Explanation: ***Moxifloxacin*** - Moxifloxacin is primarily metabolized in the **liver** and excreted through bile and feces. - This characteristic makes it a suitable choice for patients with significant **renal impairment** as dose adjustments are generally not required. *Ciprofloxacin* - Ciprofloxacin is predominantly excreted by the **kidneys** through both glomerular filtration and tubular secretion. - Dose adjustments are crucial in patients with **renal dysfunction** to prevent accumulation and toxicity. *Ofloxacin* - Ofloxacin is largely excreted unchanged in the **urine**, making renal excretion its primary elimination pathway. - **Dose reduction** is necessary for patients with impaired renal function. *Levofloxacin* - Levofloxacin is primarily eliminated via **renal excretion**, with a significant portion appearing in the urine as unmetabolized drug. - Patients with **kidney disease** require appropriate dose adjustments.
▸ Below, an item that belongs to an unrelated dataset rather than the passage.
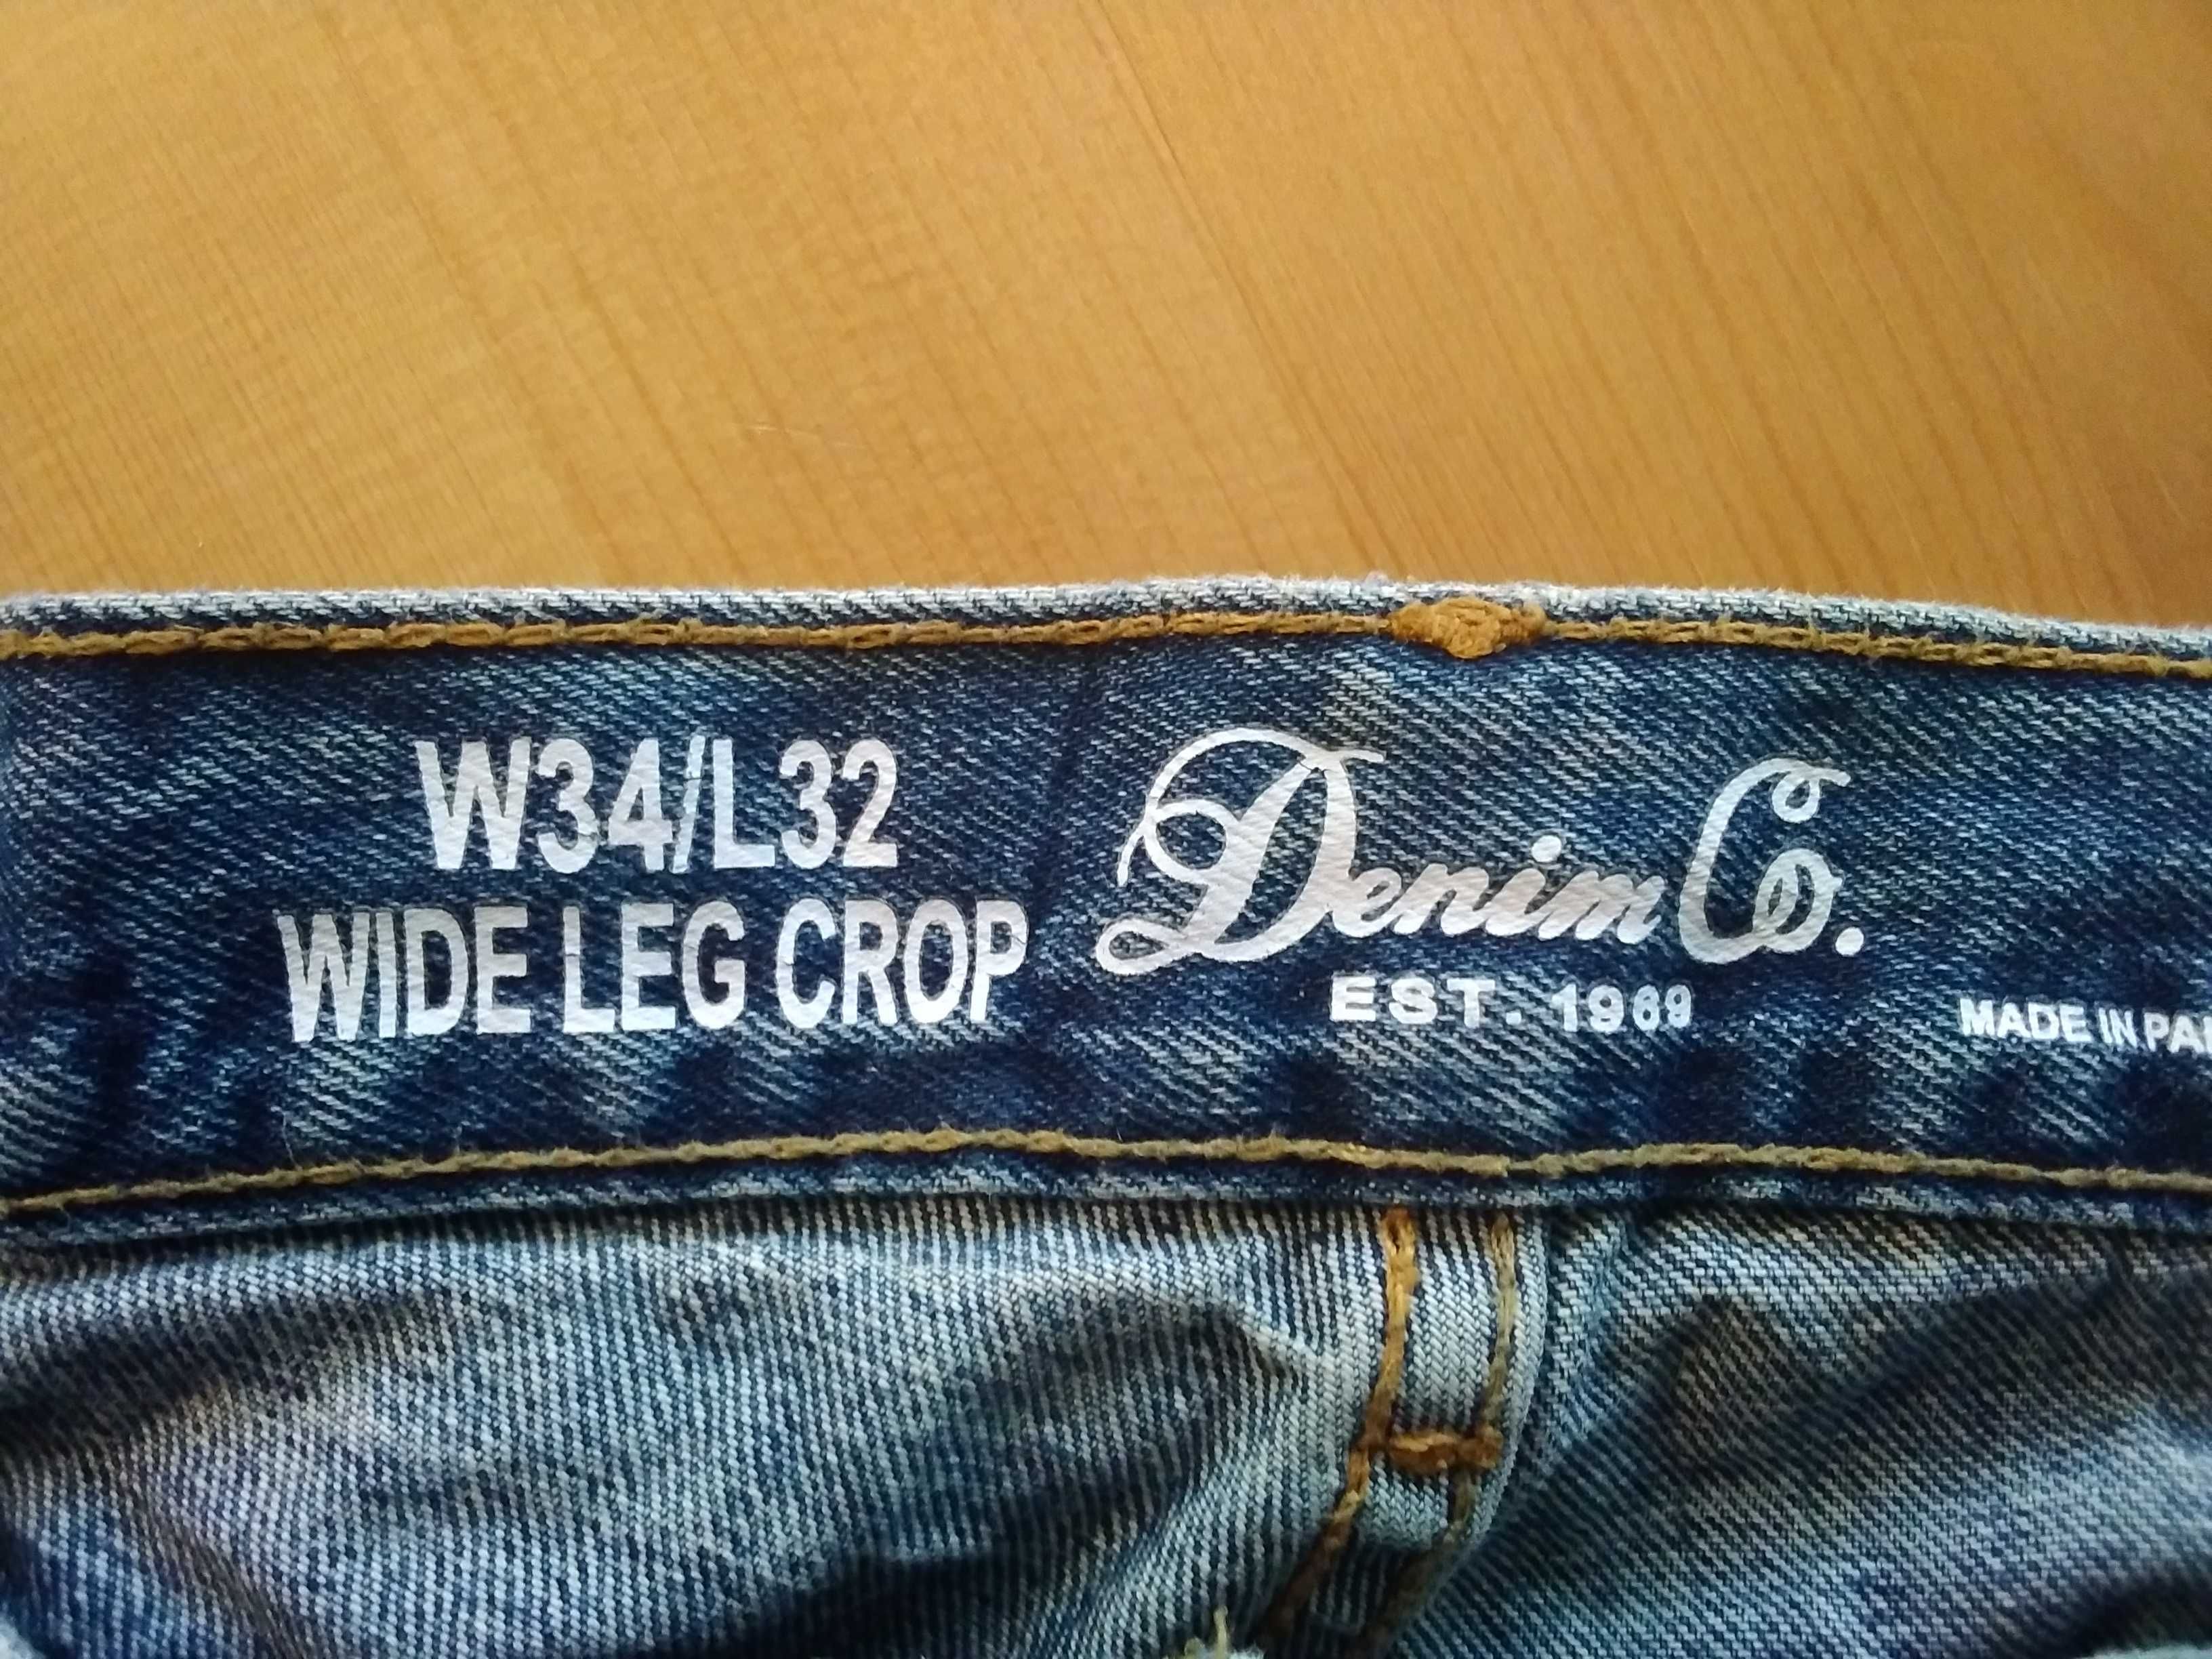 Spodnie z dziurami W34/L32 (wide leg crop)

Question 30: Which of the following is a primary use of Levamisole?

A. Immunostimulant
B. Antihelminthic (Correct Answer)
C. None of the options
D. Immunomodulator

Explanation: ***Antihelminthic*** - Levamisole is **primarily classified as an antihelminthic drug**, used to treat parasitic worm infections. - It acts as a **nicotinic receptor agonist** in nematodes, causing spastic paralysis of the worms, leading to their expulsion. - It was historically used in humans for treating ascariasis and hookworm infections, and is still used in **veterinary medicine** for deworming livestock. - This is its **primary pharmacological classification** in standard medical textbooks. *Immunomodulator* - Levamisole does have **immunomodulatory properties** that were discovered secondary to its antihelminthic use. - It was used as **adjuvant therapy in colon cancer** (with 5-FU) to enhance immune response. - However, this is a **secondary use**, not its primary classification, and has been largely discontinued due to severe side effects like agranulocytosis. *Immunostimulant* - While levamisole can stimulate certain aspects of cell-mediated immunity, this overlaps with its immunomodulatory effects. - This is **not its primary pharmacological classification** - it remains primarily an antihelminthic agent. *None of the options* - This is incorrect because **antihelminthic** is clearly the primary and correct classification of levamisole in pharmacology. - Its antihelminthic action was its original and primary therapeutic application.